• _What to do_
Each line from the one containing "The States Project Logo" through the last line of the data below is to be written out verbatim, and nothing more.
----------
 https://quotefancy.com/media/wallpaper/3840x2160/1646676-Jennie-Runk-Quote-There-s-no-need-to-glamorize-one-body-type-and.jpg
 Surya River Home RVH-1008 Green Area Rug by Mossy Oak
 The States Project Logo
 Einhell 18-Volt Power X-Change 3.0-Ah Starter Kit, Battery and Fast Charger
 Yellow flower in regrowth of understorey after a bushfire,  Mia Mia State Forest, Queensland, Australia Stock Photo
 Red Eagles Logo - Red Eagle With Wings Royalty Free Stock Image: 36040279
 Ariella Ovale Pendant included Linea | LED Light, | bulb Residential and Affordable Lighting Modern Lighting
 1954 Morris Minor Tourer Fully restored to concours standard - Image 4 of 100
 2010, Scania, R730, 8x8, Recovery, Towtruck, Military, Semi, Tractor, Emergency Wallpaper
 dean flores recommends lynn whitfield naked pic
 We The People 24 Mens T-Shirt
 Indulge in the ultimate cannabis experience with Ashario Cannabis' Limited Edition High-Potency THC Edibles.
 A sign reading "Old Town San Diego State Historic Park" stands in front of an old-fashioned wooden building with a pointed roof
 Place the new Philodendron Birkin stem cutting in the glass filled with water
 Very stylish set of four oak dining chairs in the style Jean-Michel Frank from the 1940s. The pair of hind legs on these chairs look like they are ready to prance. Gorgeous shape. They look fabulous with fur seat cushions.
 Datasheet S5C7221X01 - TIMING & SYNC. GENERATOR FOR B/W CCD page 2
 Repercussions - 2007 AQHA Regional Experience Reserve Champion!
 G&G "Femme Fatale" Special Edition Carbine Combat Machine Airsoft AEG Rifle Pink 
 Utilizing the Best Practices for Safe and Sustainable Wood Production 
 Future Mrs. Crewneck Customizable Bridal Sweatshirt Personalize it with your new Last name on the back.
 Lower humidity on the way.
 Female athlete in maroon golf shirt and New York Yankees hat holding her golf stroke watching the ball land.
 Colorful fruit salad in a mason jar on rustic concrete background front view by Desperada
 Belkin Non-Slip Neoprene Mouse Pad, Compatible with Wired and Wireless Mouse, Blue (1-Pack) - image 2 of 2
----------
• _Answer to this problem_
 The States Project Logo
 Einhell 18-Volt Power X-Change 3.0-Ah Starter Kit, Battery and Fast Charger
 Yellow flower in regrowth of understorey after a bushfire,  Mia Mia State Forest, Queensland, Australia Stock Photo
 Red Eagles Logo - Red Eagle With Wings Royalty Free Stock Image: 36040279
 Ariella Ovale Pendant included Linea | LED Light, | bulb Residential and Affordable Lighting Modern Lighting
 1954 Morris Minor Tourer Fully restored to concours standard - Image 4 of 100
 2010, Scania, R730, 8x8, Recovery, Towtruck, Military, Semi, Tractor, Emergency Wallpaper
 dean flores recommends lynn whitfield naked pic
 We The People 24 Mens T-Shirt
 Indulge in the ultimate cannabis experience with Ashario Cannabis' Limited Edition High-Potency THC Edibles.
 A sign reading "Old Town San Diego State Historic Park" stands in front of an old-fashioned wooden building with a pointed roof
 Place the new Philodendron Birkin stem cutting in the glass filled with water
 Very stylish set of four oak dining chairs in the style Jean-Michel Frank from the 1940s. The pair of hind legs on these chairs look like they are ready to prance. Gorgeous shape. They look fabulous with fur seat cushions.
 Datasheet S5C7221X01 - TIMING & SYNC. GENERATOR FOR B/W CCD page 2
 Repercussions - 2007 AQHA Regional Experience Reserve Champion!
 G&G "Femme Fatale" Special Edition Carbine Combat Machine Airsoft AEG Rifle Pink 
 Utilizing the Best Practices for Safe and Sustainable Wood Production 
 Future Mrs. Crewneck Customizable Bridal Sweatshirt Personalize it with your new Last name on the back.
 Lower humidity on the way.
 Female athlete in maroon golf shirt and New York Yankees hat holding her golf stroke watching the ball land.
 Colorful fruit salad in a mason jar on rustic concrete background front view by Desperada
 Belkin Non-Slip Neoprene Mouse Pad, Compatible with Wired and Wireless Mouse, Blue (1-Pack) - image 2 of 2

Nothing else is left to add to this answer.